I smiled and answered, “you came just to be with me. You sat and listened. You let me unload my feelings and then validated them. You didn’t push back and tell me that I was being over-sensitive. You didn’t promise me a perfect fairy-tale ending to my problems. You assured me that I’m not crazy. You prayed with me. You loved me, right where I’m at.”
She blushed, then hugged me again and walked to her car. I shut the door and walked back inside feeling lighter than I had in days.
This woman had breathed life back into my depleted soul and let me feel a shroud of security and community. She let me sit in the muck, complain my heart out, and air my dirty laundry. She didn’t judge or condemn and didn’t give me the Jesus answers. She never quoted a verse or shook a finger. She just let me wallow in self-pity, doubt, and fear. When I was finished, she shared her own circumstances. She aired her own frustrations and hurts, most of which made mine seem like the insignificant whining of a toddler that they were.
She listened quietly and then spoke with tenderness and grace. She didn’t discredit my feelings. She never told me, “Jesus never had a bad day,” or “count it all joy, Malinda.” She didn’t pull out phrases like, “I can do all things through Christ,” or assure me that “God will never give you more than you can handle.” These may all have been the truth, but it would have felt like salt in a wound.

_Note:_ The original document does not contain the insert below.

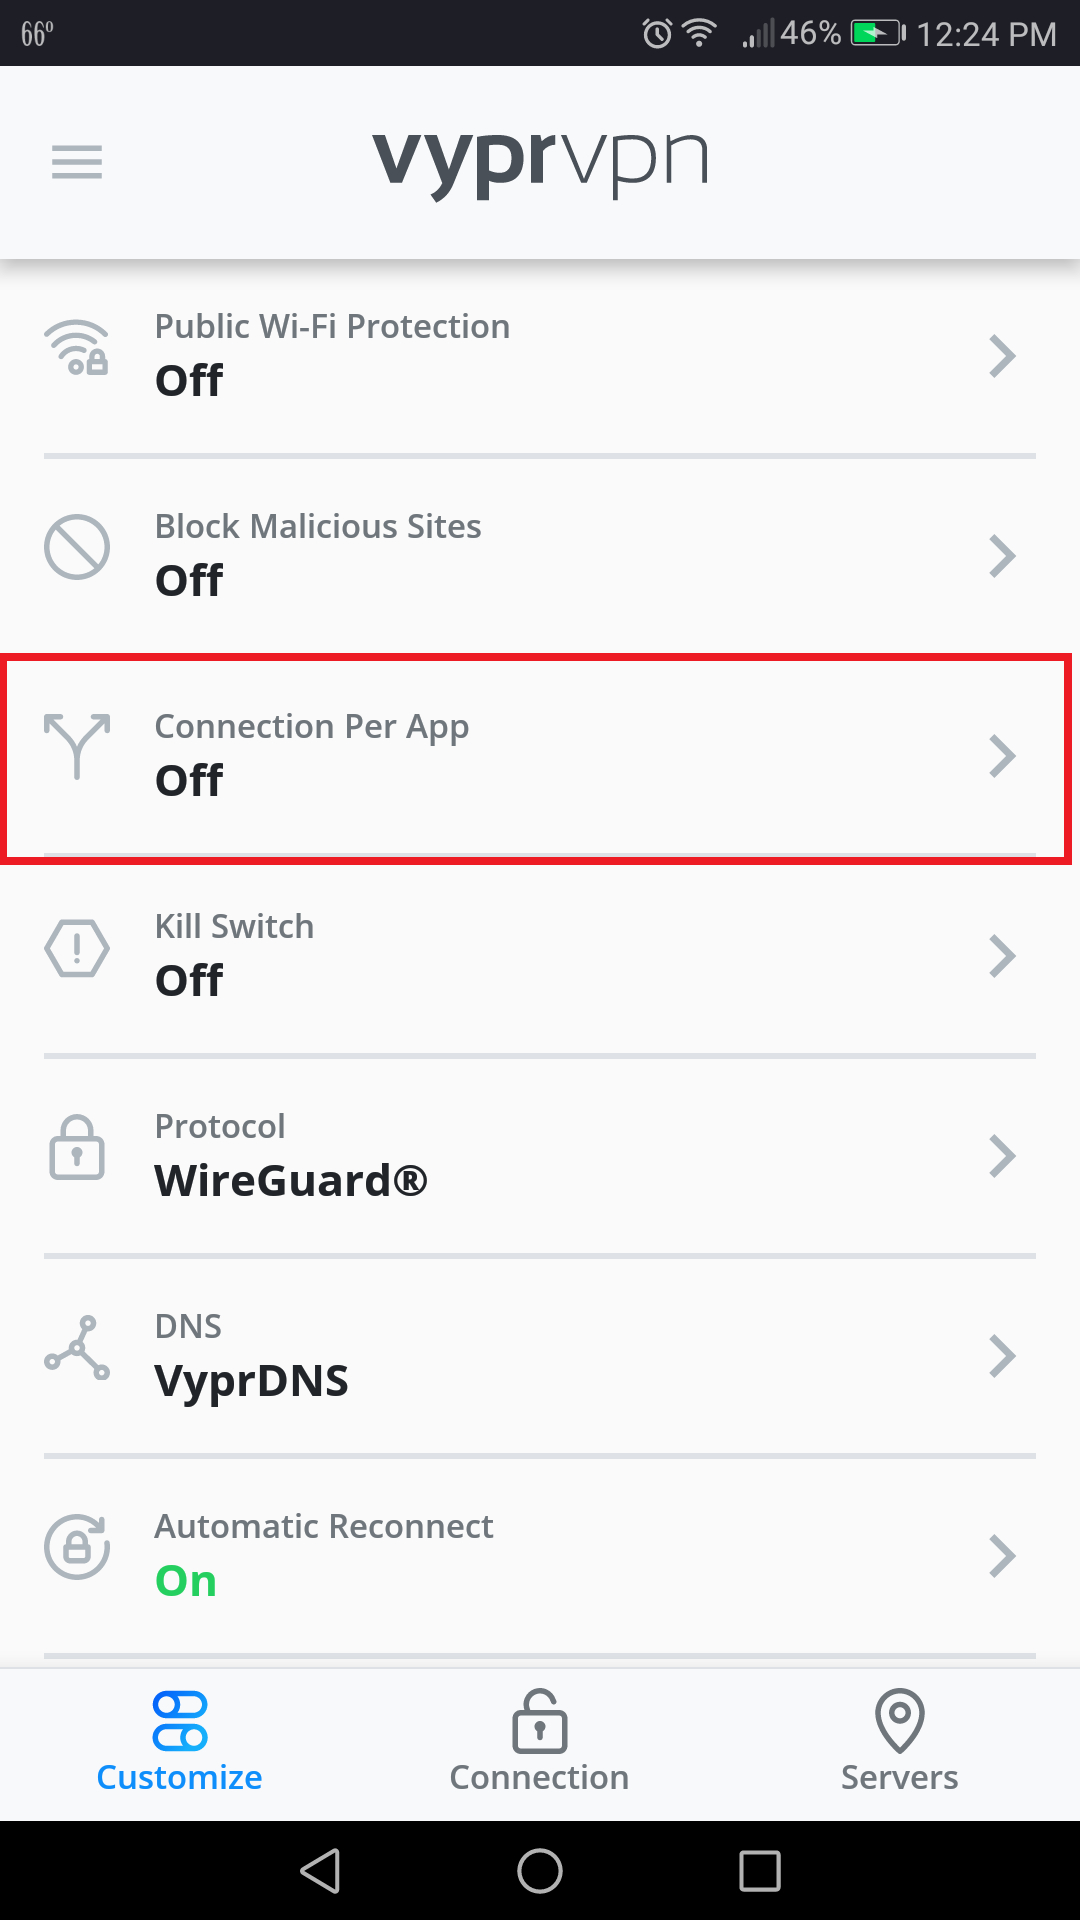 Vypr_App _-_ Customize_Menu _-_ Connection_Per_App_Selected.png

Sometimes these well-intentioned phrases, the quotable promises from the bible, the catchy one-liners that so easily roll off the tongue, are wounds in and of themselves. Unfortunately, we don’t realize until later that our words sounded self-righteous and religious, or tactless and void of empathy.
Sometimes the best thing we can do is to shut up, stop quoting the bible, and listen.
As a Christ-follower, I know my bible. I’ve been through it enough times to know the promises to stand on when my world is shaking. I know that God is my provider, healer and my rock in the midst of storms. I know that His word is ever-true and His promises eternal, but sometimes this girl just needs to be allowed to cry and complain. It doesn’t mean I don’t need to be reminded of all those truthsafter the tears have dried, but in the midst of the emotion, I need to feel free to express is all, without fear of judgement, correction, or apathy.
Once I’ve unwound my puffy-faced-self from the fetal position, the world will look different. I will emerge ready to put on my big girl pants, and get things done. But, I often have to cry first.
I am a woman full of emotions (bless my sweet husband!) and that is how God made me. When I became a Jesus-follower that part of me didn’t magically disappear. He made me a feeler, and though I can plow through difficult situations and have a firmly grounded faith, there are moments where I am crumpled on the floor in a sea of darkness and doubt (and snot-soaked Kleenex).
And in those moments, I am so grateful for the friends that I can call— those who have seen me fall apart and know that silence is often the best thing to offer. They are the friends who show up the next morning on my doorstep to check-in and send messages full of silly emoji’s throughout the day. I’ve written about how deep friendships are hard, but how worth the effort they are!
And friend, can I offer you a piece of advice? When someone knocks on your door with a quivering lip and pint of Ben&Jerry’s, don’t quote the bible to them. Not immediately anyway. Let them sit and talk. Hold them and listen intently. Get them a spoon, pass the tissue box and let them be free to express their emotions, regardless of how you feel about what they share.She doesn’t need to know how many bible verses you can quote about strength and wisdom, courage and joy. Before she hears any of that she needs to feel heard. Offer practical suggestions, yes. Cover her with prayer, absolutely. But first, listen.